The alley's air paused.
This time not only Sion felt it. Ater, Kael, Seorin, Nasim, Harun — all felt that the word *ledgers* landed with a different grain than a petty thief's excuse.
Nasim smiled, very slowly.
"Ah."
He said.
"So you're that kind of kid."
Luhai did not look pleased at that. Closer to the face of someone whose value had been read too quickly.
Sion felt, in that moment, another piece of the puzzle fitting.
Luhai was not simply a child with fast hands.
Reading records and flows,
picking out the not-dead among fakes,
seeing the days when ledger lines moved strangely.
That might be the most quietly dangerous ability at this table right now.
Harun said, very low.
"So you touched inside goods."
Luhai did not reply this time.
Instead Nasim continued, smoother.
"Good.
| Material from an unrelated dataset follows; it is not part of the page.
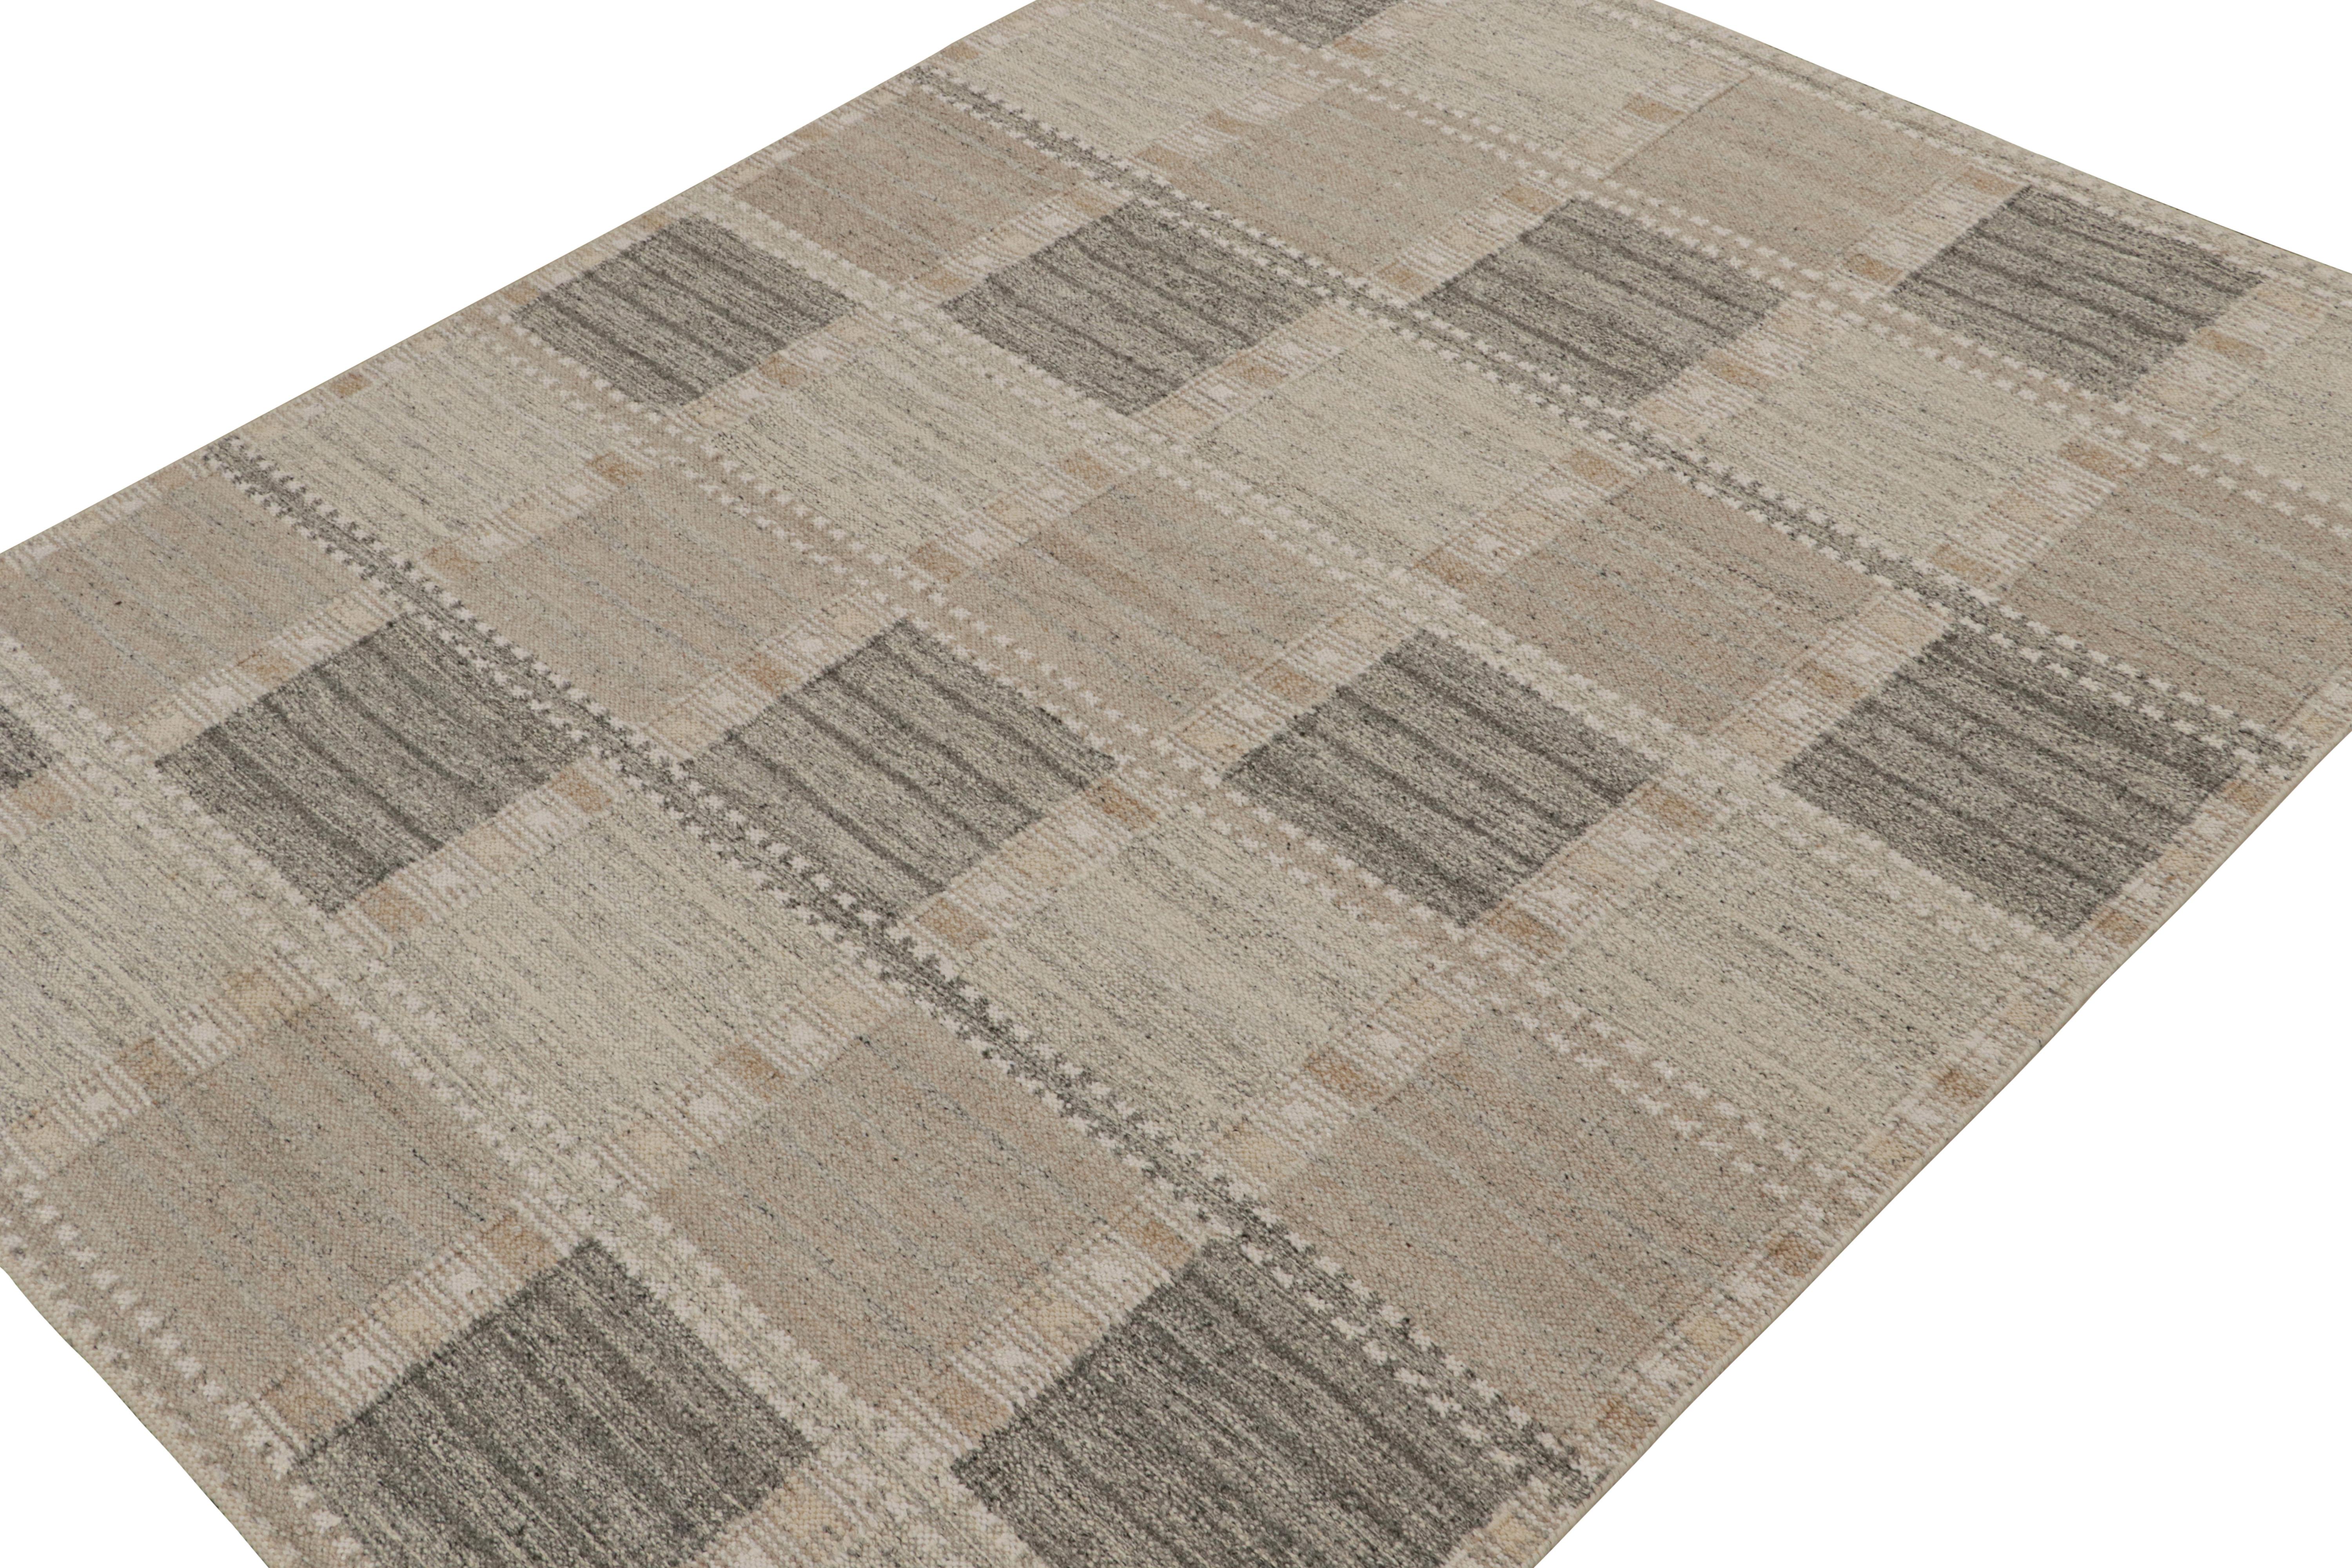 This 8x10 flat weave rug is a new addition to the Scandinavian Kilim collection by Rug & Kilim. Handwoven in wool, cotton and natural yarns, its design reflects a contemporary take on mid-century Rollakans and Swedish Deco style.

On the

Then the calculation changes a bit."
He said.
"The outsiders need etherite and came carrying Aka's name. And this kid reads ledgers."
The instant that summary ended, Sion felt these people were no longer seeing them as separate.
Now they were one bundle.
A bundle where problems, prices, and possibilities mixed.
What had looked like coincidence on the outer layer — entering the inside, it was all connecting into one line.
Seorin asked low.
"So."
Nasim did not answer before Harun this time. Instead he glanced aside, very brief. That gaze meant: who made the final decision was already settled.
Harun said.
"Taking them."
Short silence.
Luhai reacted at once.
"Where."
Harun did not even look at him.
"Shut your mouth and come — somewhere less annoying."
"That's not reassuring at all."
Luhai muttered.
Kael said, very low.
"Be quiet."
Sion looked deeper inside along with those words.
Behind the workshop — another section screened by canopy and frame. Quieter than the outer layer, fewer people, but every hand that passed through moved with purpose. If there was a place where etherite, Aka, Luhai's ledger-reading, and all of it would be pulled in at once — it would be there.
And somewhere in that inside — the person who truly held this floor's board would be there.
Sion pressed the paper inside his jacket once more.
*Hazran.*
*Aka.*
The two words still had no explanation.
But one thing was clear now.
The path to finding this name had no choice but to pass through the very center of where values were weighed.